## Task goal
Every line from the one with "פליטים יזידים נמלטים מדאעש" through the final line of the data below goes in the answer, copied exactly. Pictures do not.

## Stored data
◇ ◇ ◇ ◇

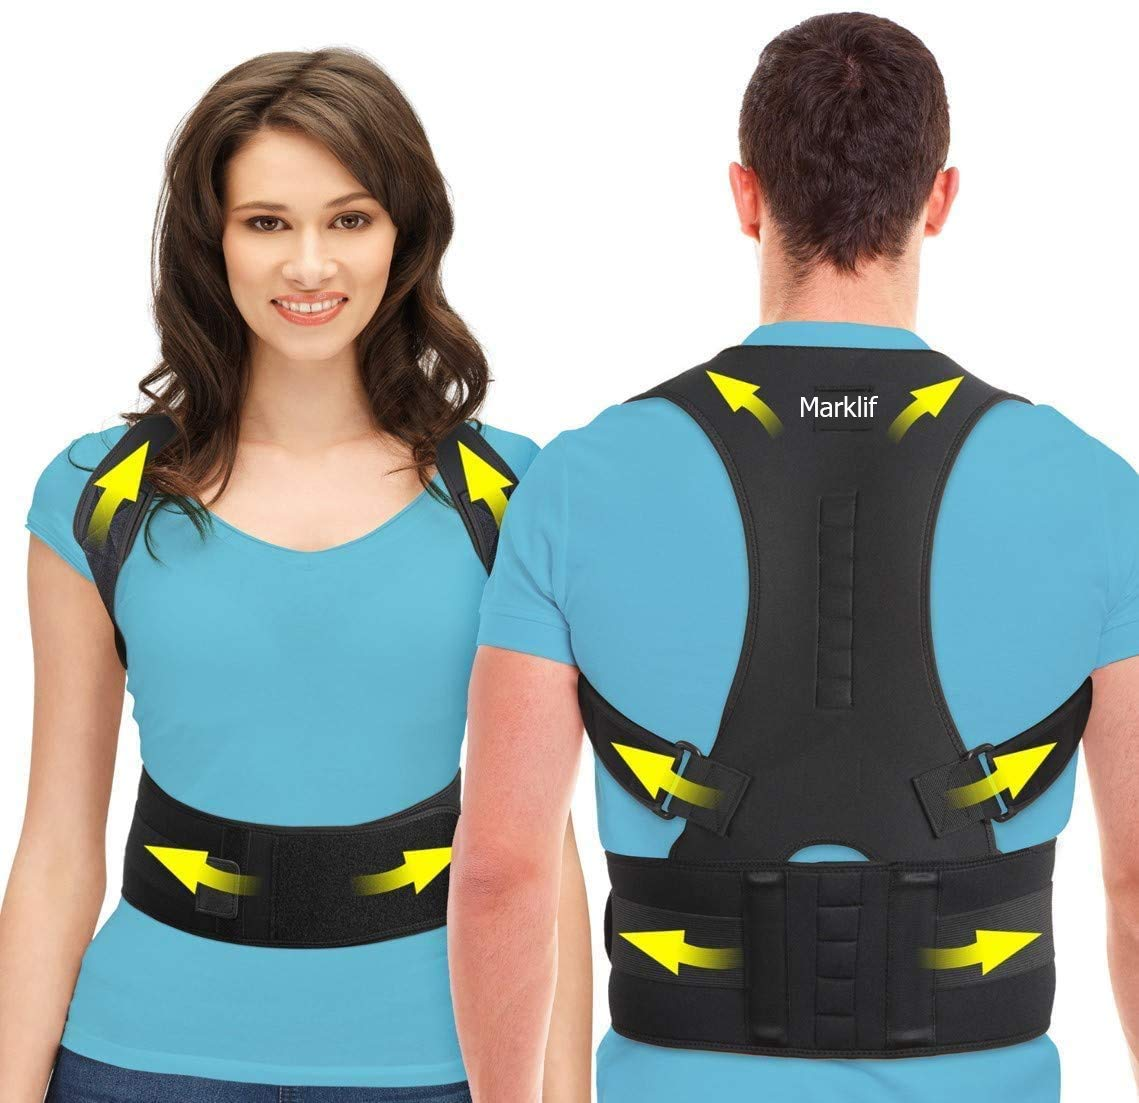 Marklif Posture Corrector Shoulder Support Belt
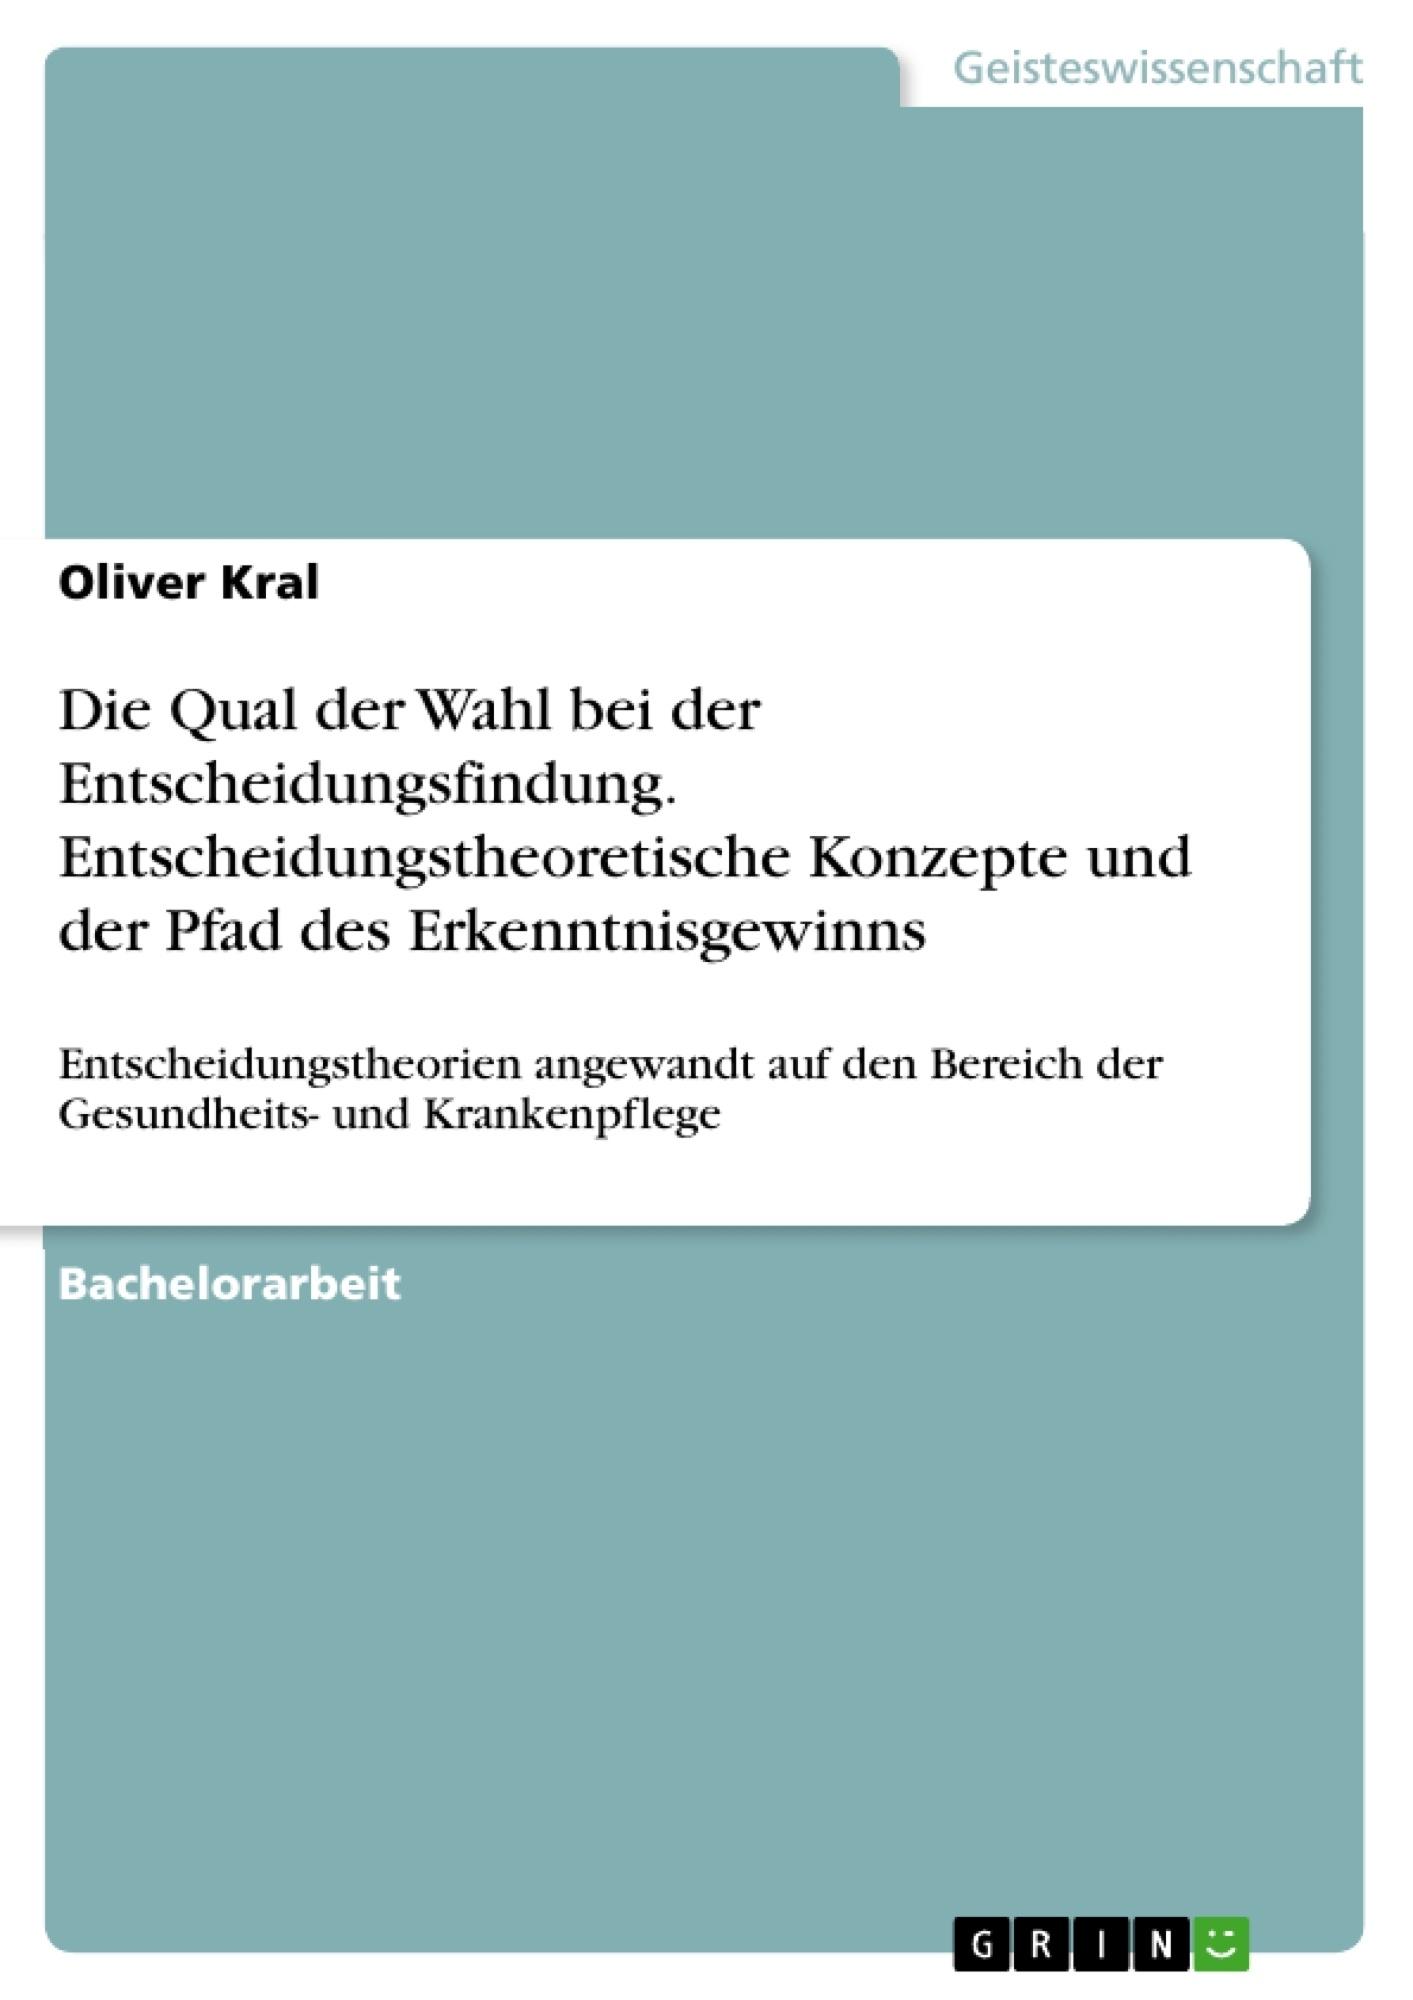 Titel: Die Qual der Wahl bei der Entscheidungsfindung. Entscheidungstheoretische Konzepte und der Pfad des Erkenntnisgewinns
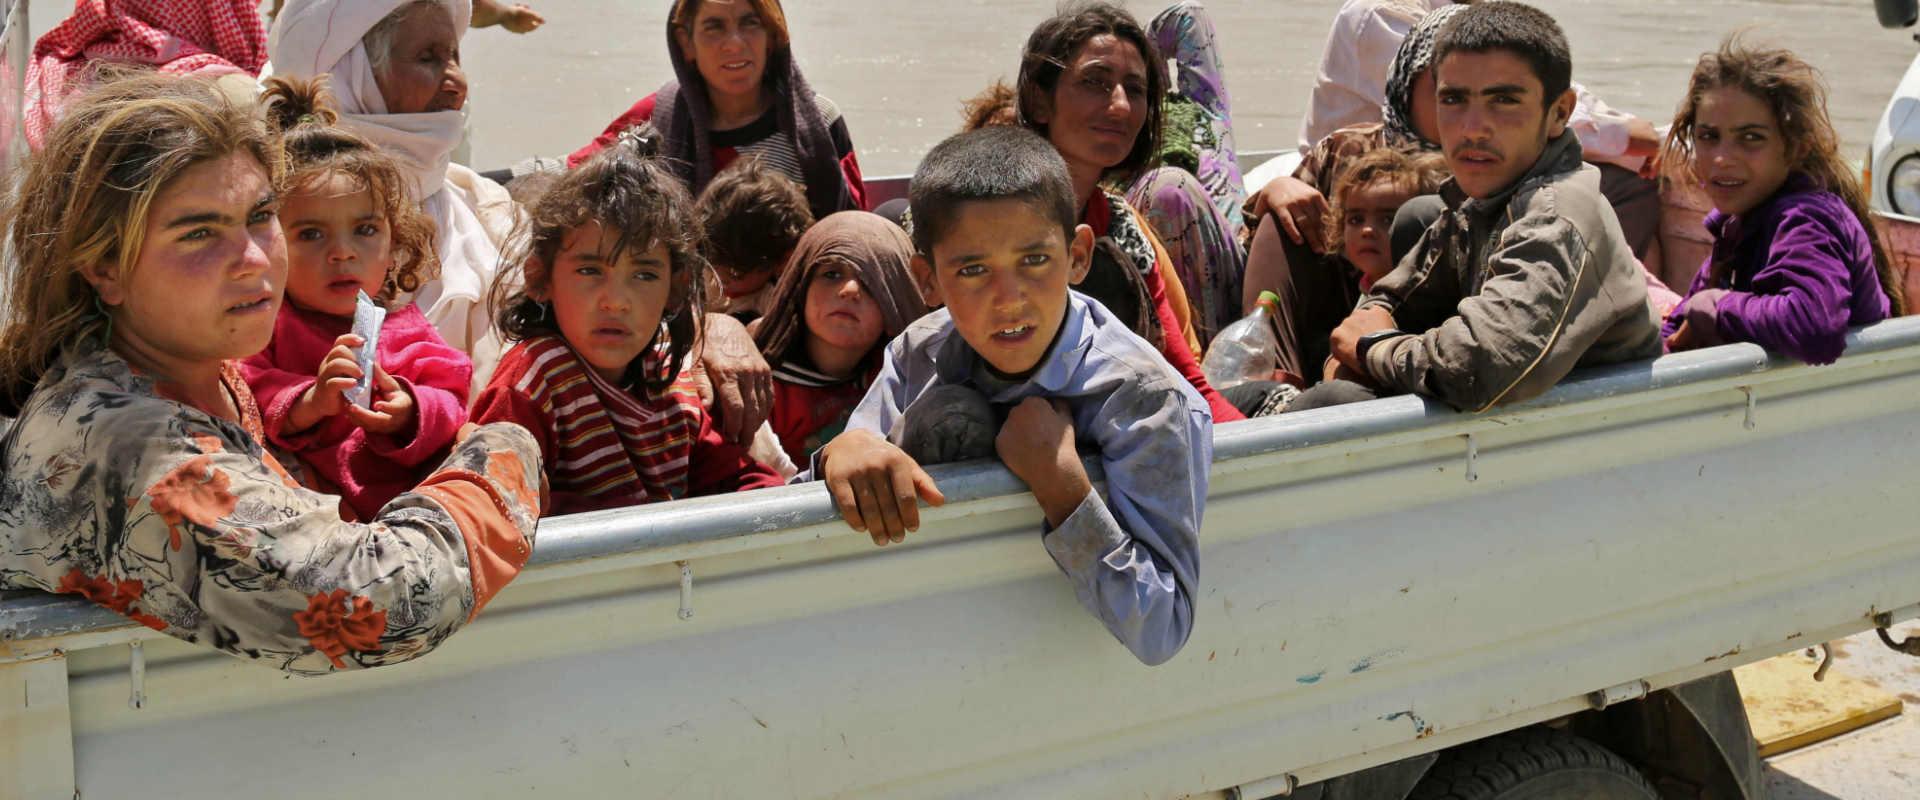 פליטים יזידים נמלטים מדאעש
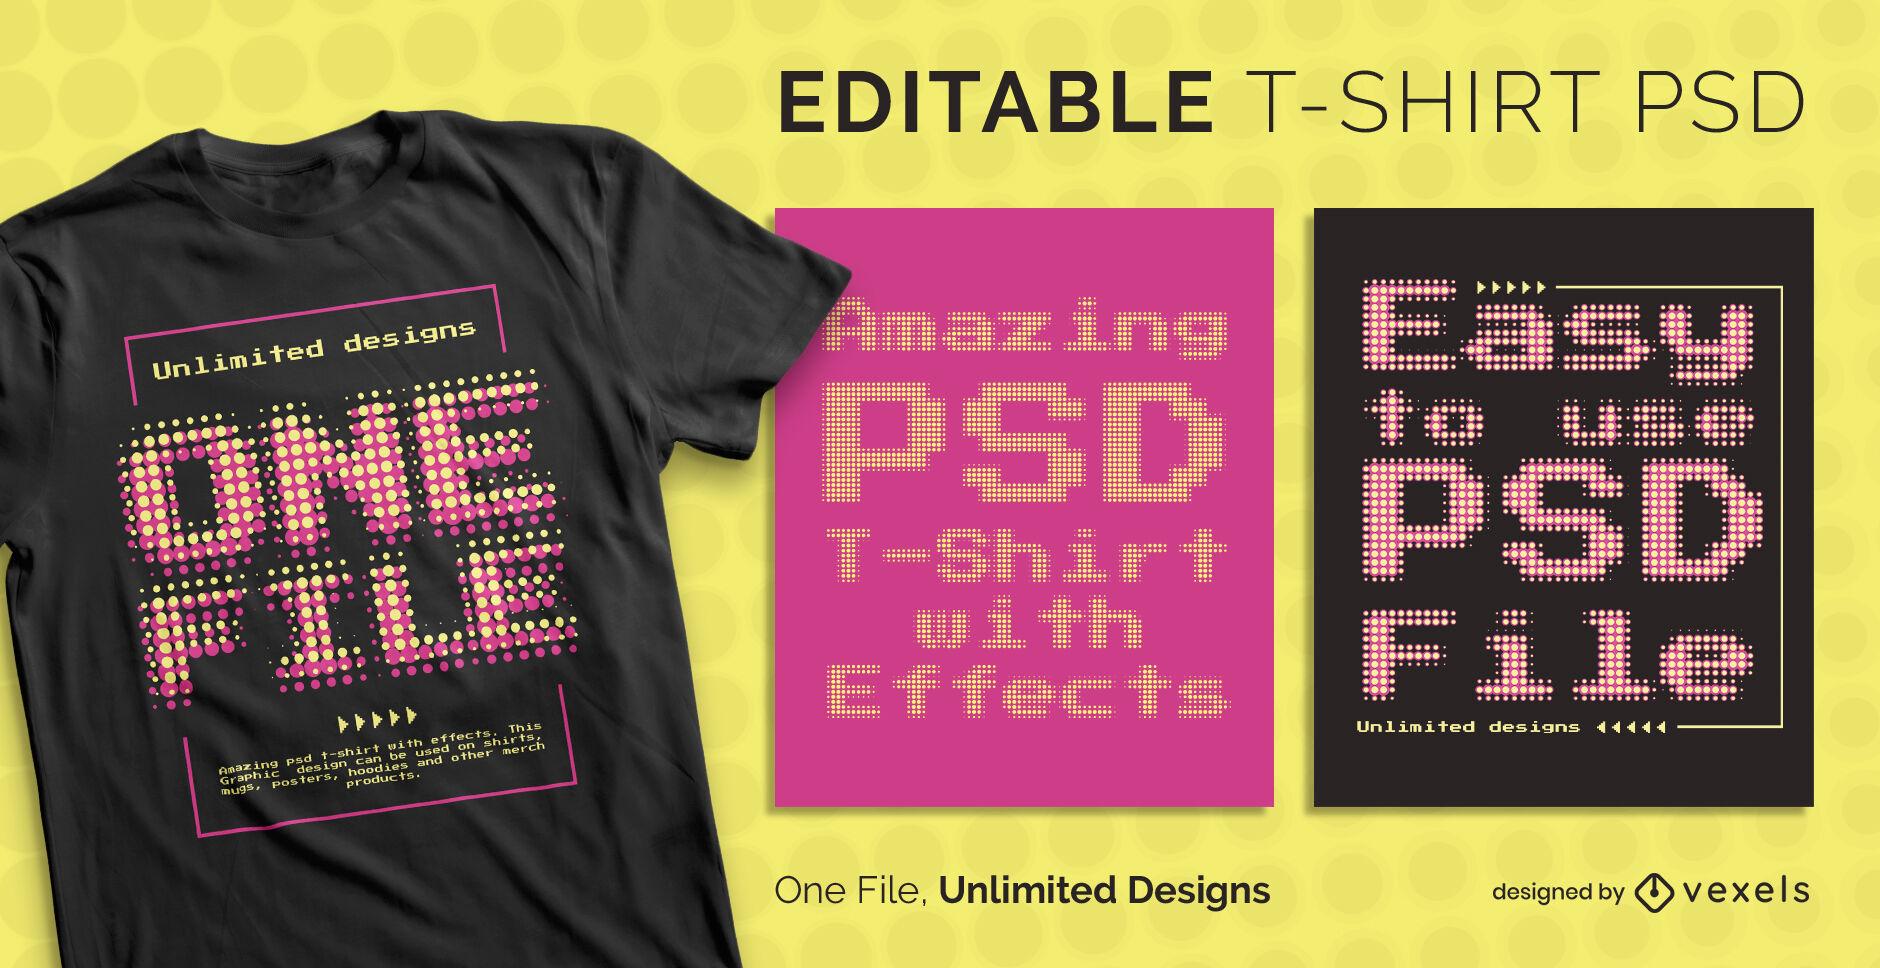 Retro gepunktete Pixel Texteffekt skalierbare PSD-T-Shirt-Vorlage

◇ ◇ ◇ ◇

## Expected answer
 פליטים יזידים נמלטים מדאעש
 Retro gepunktete Pixel Texteffekt skalierbare PSD-T-Shirt-Vorlage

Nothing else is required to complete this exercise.